Upbringing : I had a fairly comfortable lower middle class upbringing. Despite her illness mum and dad taught me manners and instilled in me the difference between right and wrong. Also the importance of speaking correctly and not using slang – which I rebelled against occasionally! They both wanted me to aspire to do better than they did. I think they also taught me be concerned about the needs of others.
Material things : They were careful about shopping, we did the Co-op and we never took out HP or borrowed money. In my early years we had a radio, a cooker, tin baths and a mangle. There was no running hot water so my parents boiled up water for washing. In the sitting room, we had a coal fire, a piano and a three piece suite. In the flat we had a TV (1956), a new three piece suite, the same cooker and mangle and a coal fire with a back boiler. We didn’t have central heating at either place.
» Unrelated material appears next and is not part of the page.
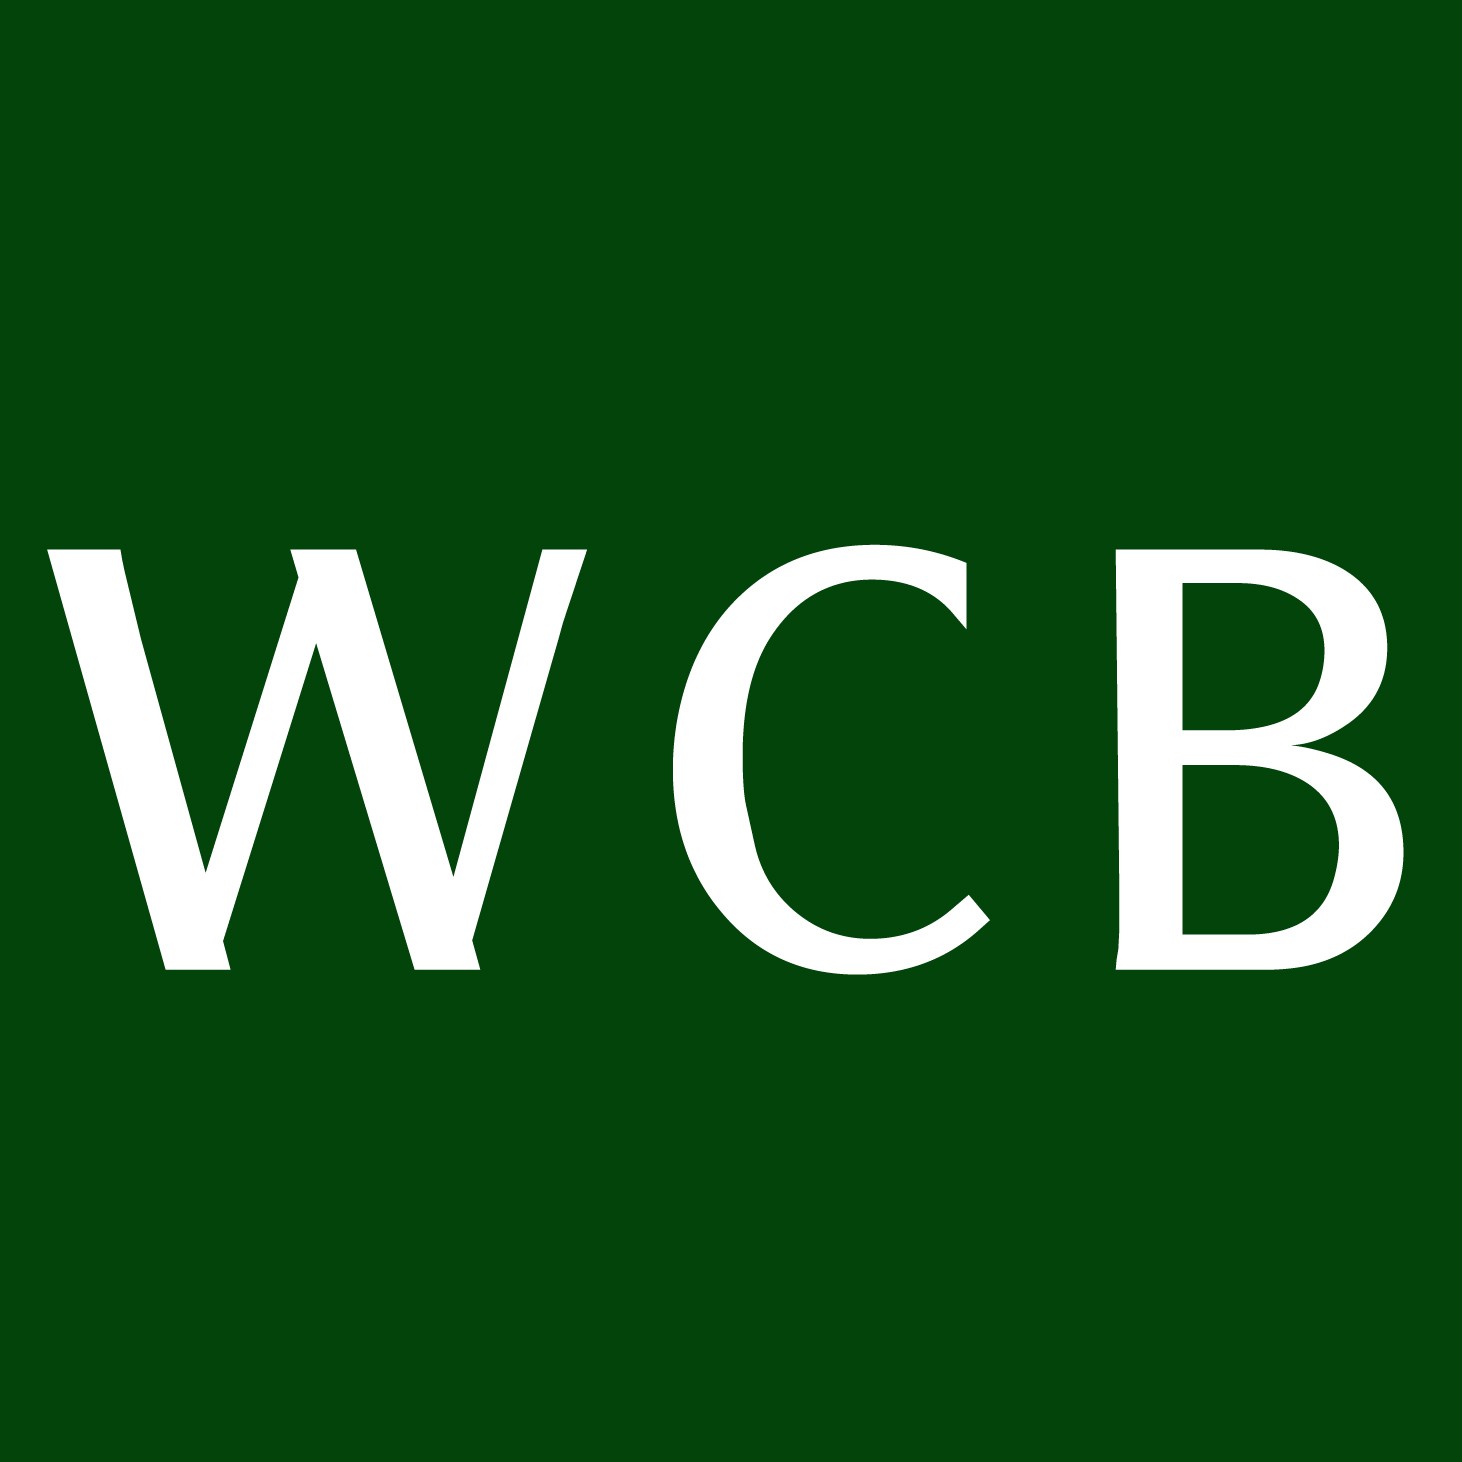 Wales Council of the Blind logo

Both gave me a love of music : My father and his musical friends encouraged me in the joy of learning musical instruments and eventually having the confidence to perform in public and entertain others. Meeting and playing with other musicians was also beneficial.
Housing : We didn’t suffer poverty, squalor and poor housing. We were fortunate enough to have a Labour council and government.
Health : My family ate a healthy diet which my mother (or father when she was ill) cooked. She received good hospital care. We had a GP whose surgery was a few doors away. A journey to hospital was within walking distance.
Education : A disrupted and disappointing education was probably result of instability in the family. With chance I was accepted into Further Education at the age of 18 (usually 16). I eventually acquired sufficient qualifications to get me to teachers’ training college, achieve a teaching certificate and a job.
Self-esteem : A lack of confidence probably happened as a result of lack of early contact and disrupted relationship with my mother in particular. It was luck that being born into a musical family that music helped me develop that confidence in myself. Also the encouragement of teachers, particularly in my Further and Higher Education, helped developed my self-esteem to take academic examinations to further my education.
Unfortunately the academic doors that were open to ‘post war babies’ like me are now currently closed to many of the next generation.